Content starts

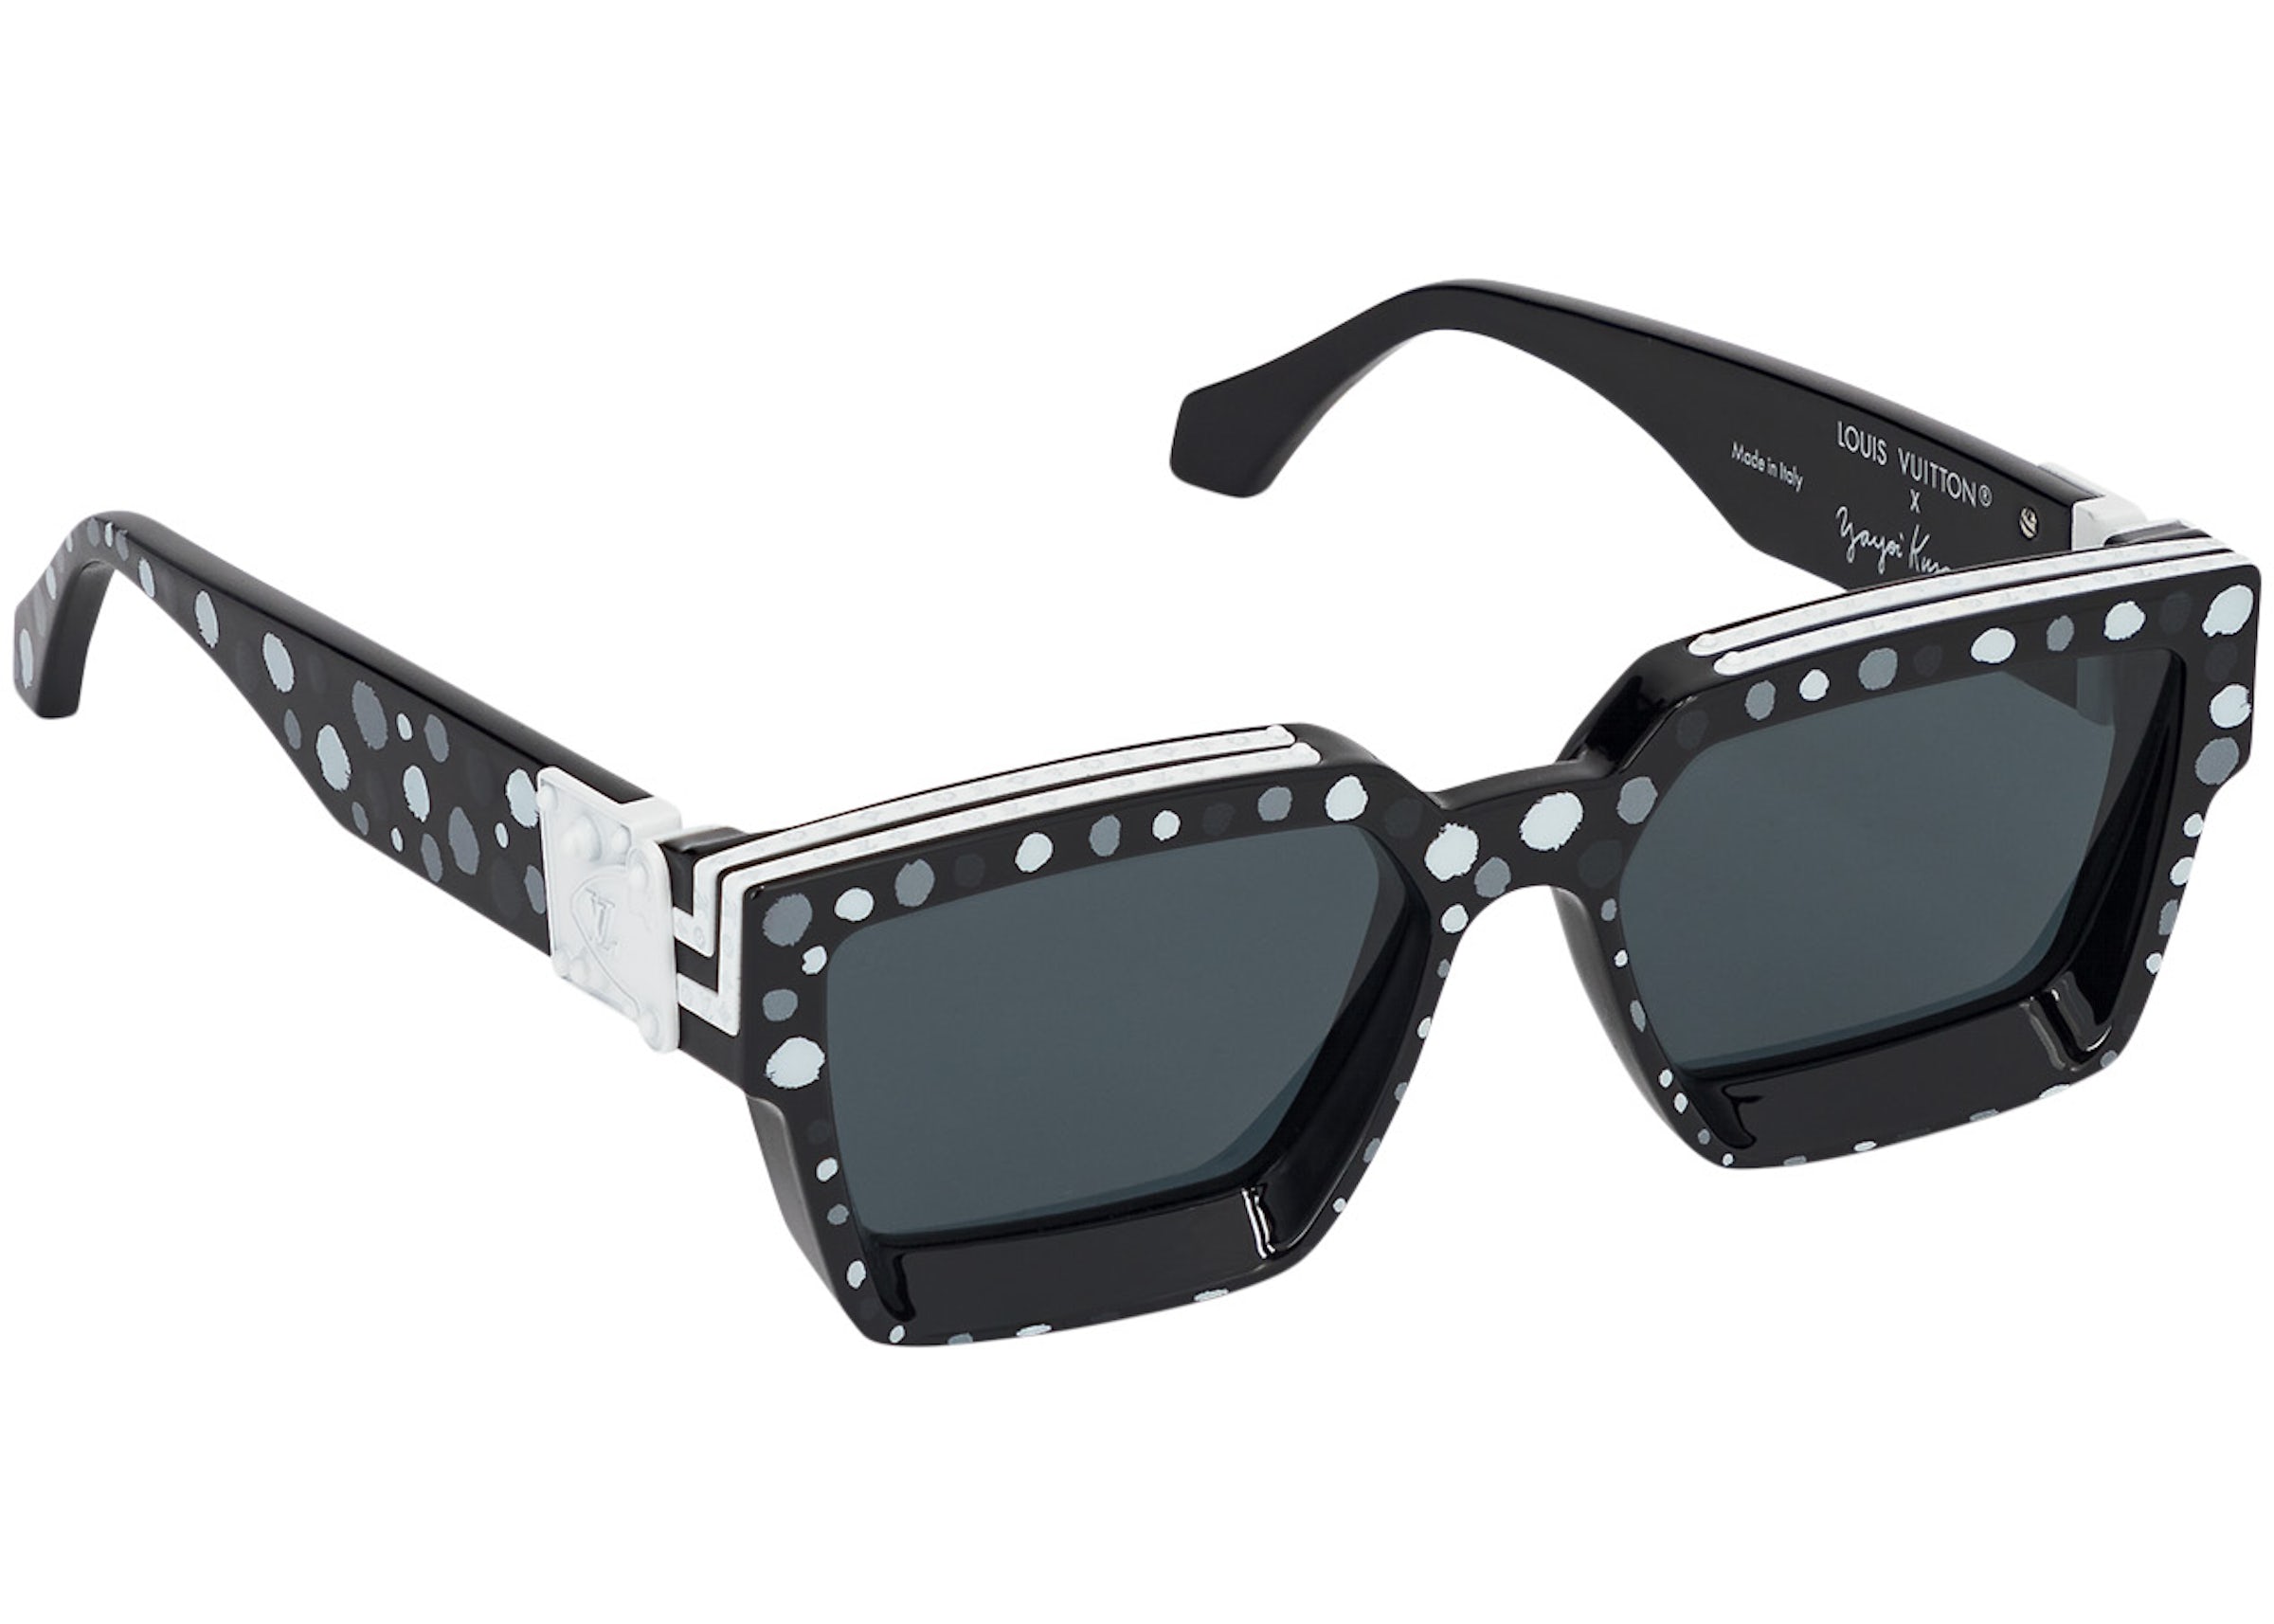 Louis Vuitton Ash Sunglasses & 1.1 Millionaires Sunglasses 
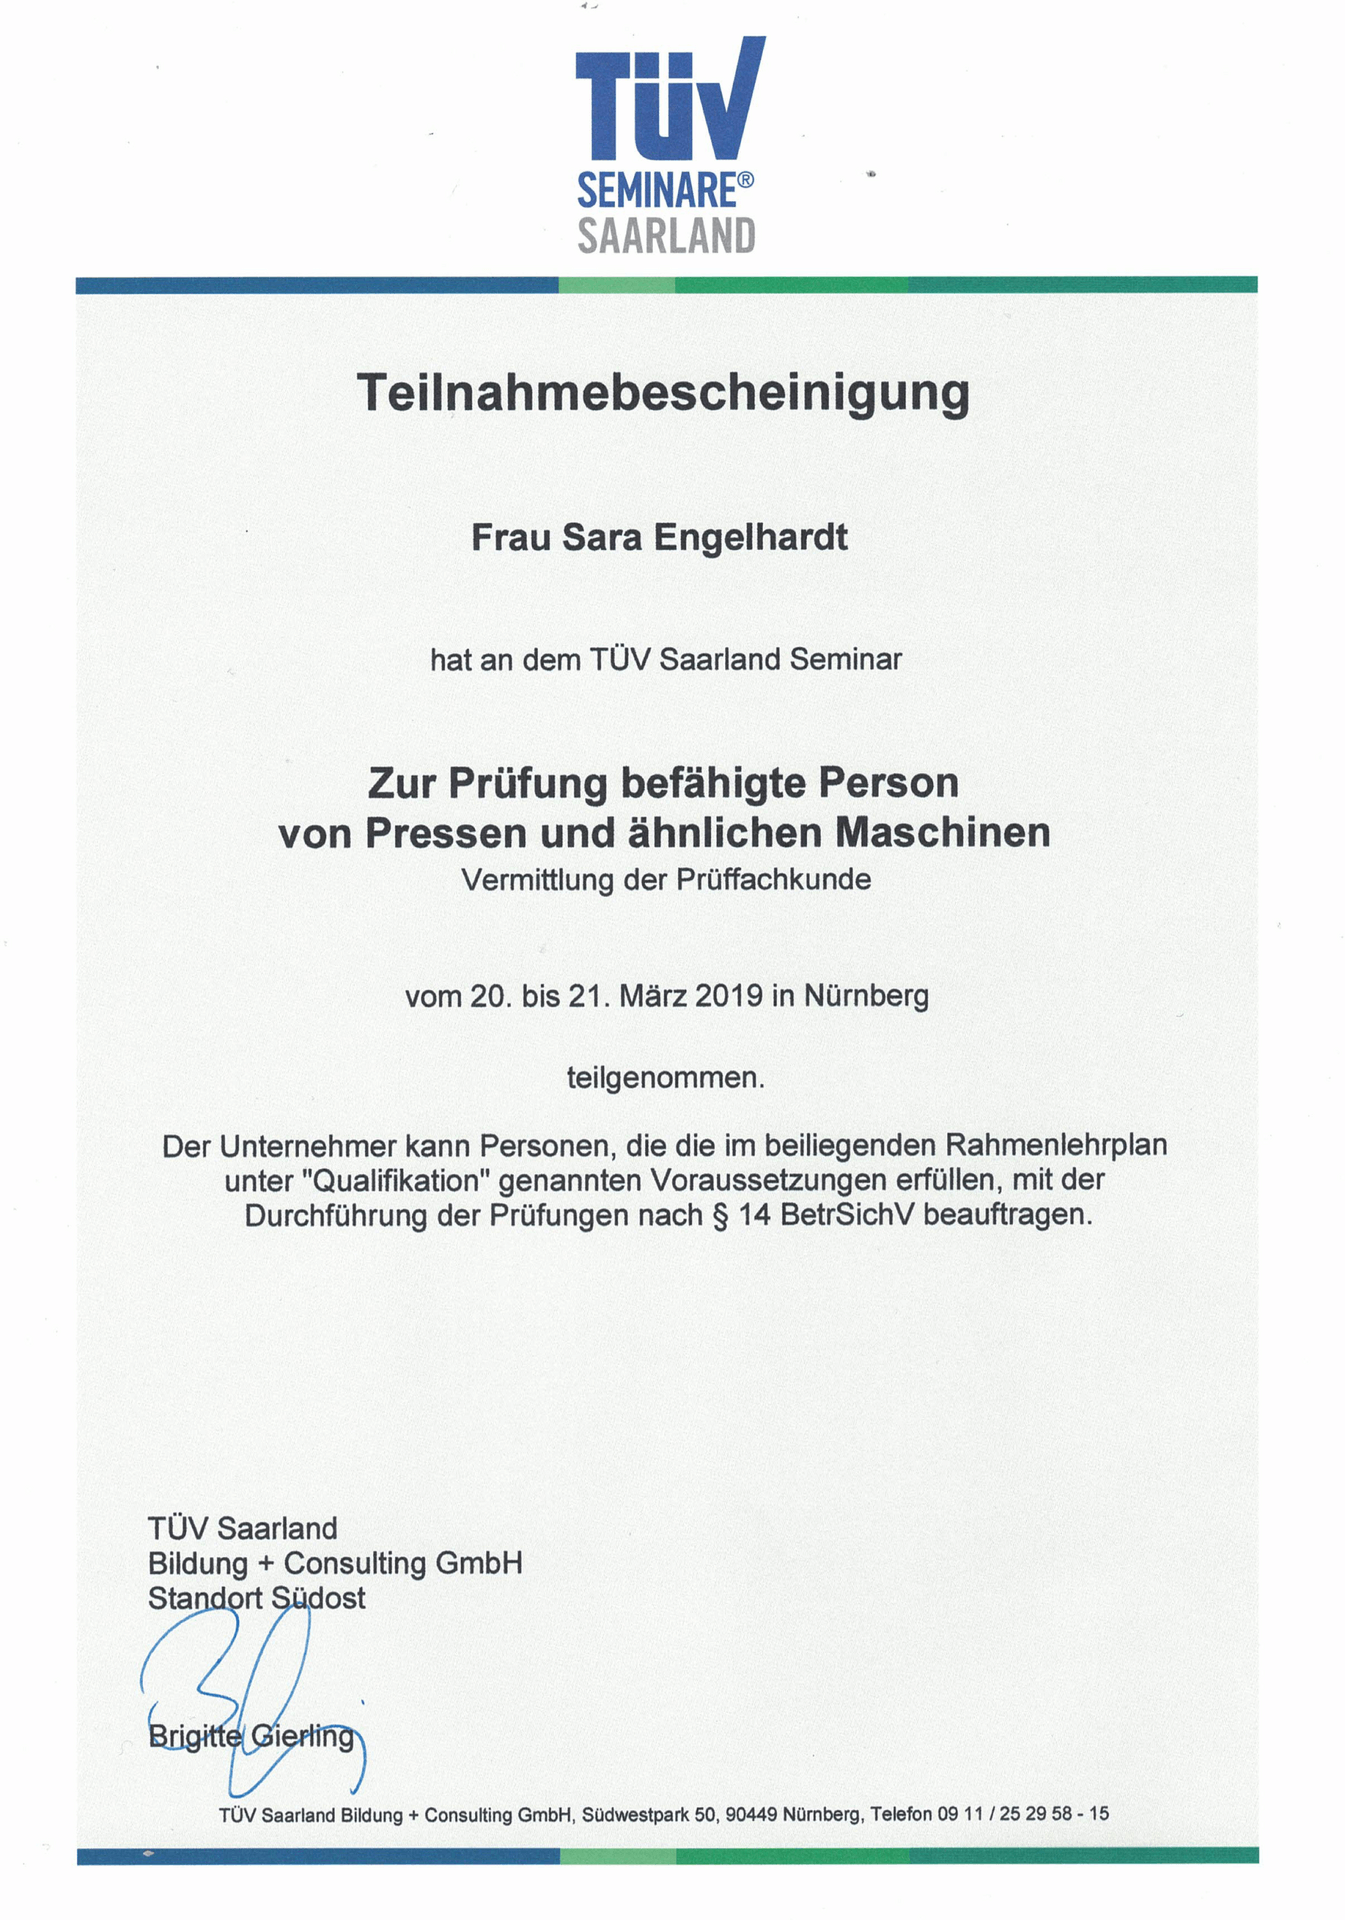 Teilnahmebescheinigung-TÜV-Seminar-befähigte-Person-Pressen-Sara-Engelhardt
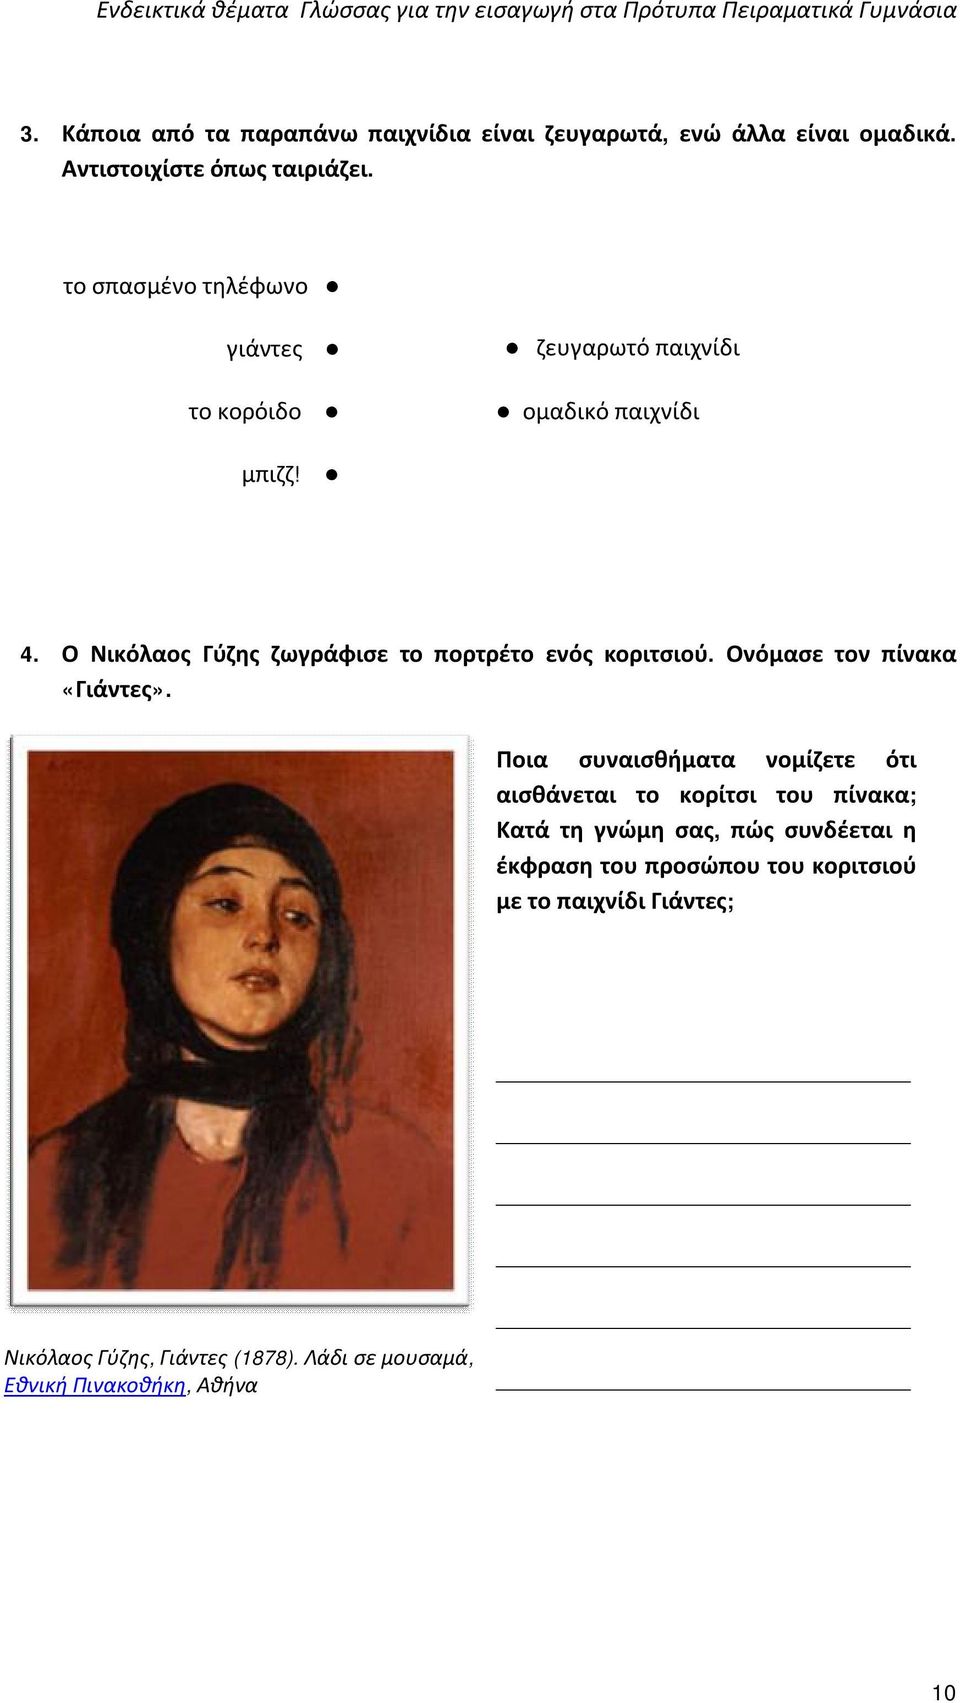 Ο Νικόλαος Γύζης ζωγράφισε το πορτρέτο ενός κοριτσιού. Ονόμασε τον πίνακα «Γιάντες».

Content ends

TASK DETAILS: Reproduce the material in its entirety and word for word, without the pictures.

PROBLEM SOLUTION:
 Louis Vuitton Ash Sunglasses & 1.1 Millionaires Sunglasses 
 Teilnahmebescheinigung-TÜV-Seminar-befähigte-Person-Pressen-Sara-Engelhardt
 Ο Νικόλαος Γύζης ζωγράφισε το πορτρέτο ενός κοριτσιού. Ονόμασε τον πίνακα «Γιάντες».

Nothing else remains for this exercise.